▶ **Recorded information**:
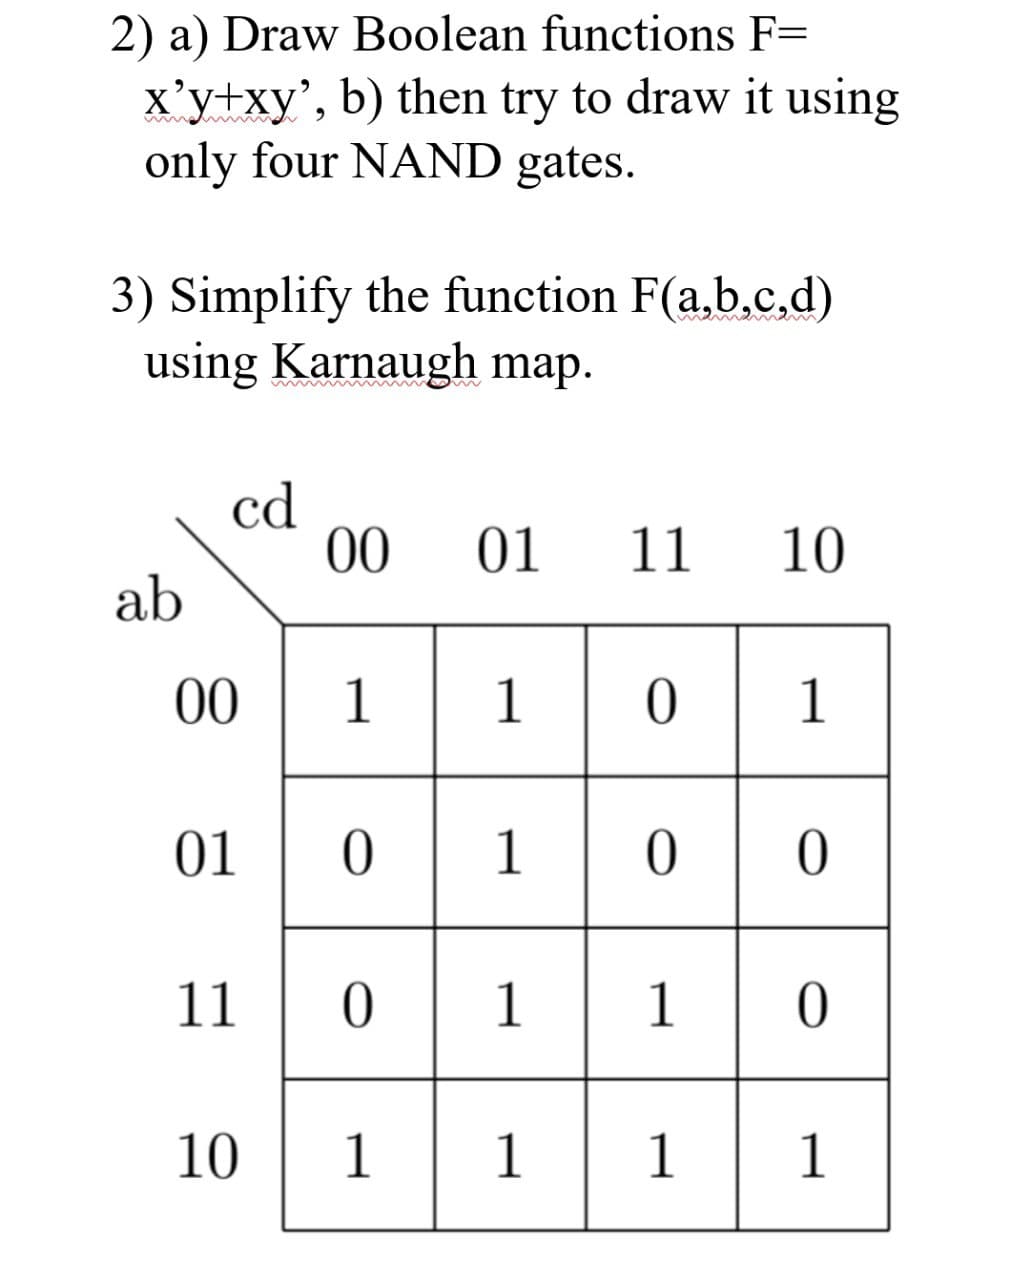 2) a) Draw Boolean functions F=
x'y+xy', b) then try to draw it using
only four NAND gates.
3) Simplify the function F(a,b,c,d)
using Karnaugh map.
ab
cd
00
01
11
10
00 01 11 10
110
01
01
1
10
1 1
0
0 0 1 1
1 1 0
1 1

▶ **What to produce**: The output should be exactly the lines from the one containing "only four NAND gates." to the final line of the listing above, inclusive.

▶ **Answer box**:
only four NAND gates.
3) Simplify the function F(a,b,c,d)
using Karnaugh map.
ab
cd
00
01
11
10
00 01 11 10
110
01
01
1
10
1 1
0
0 0 1 1
1 1 0
1 1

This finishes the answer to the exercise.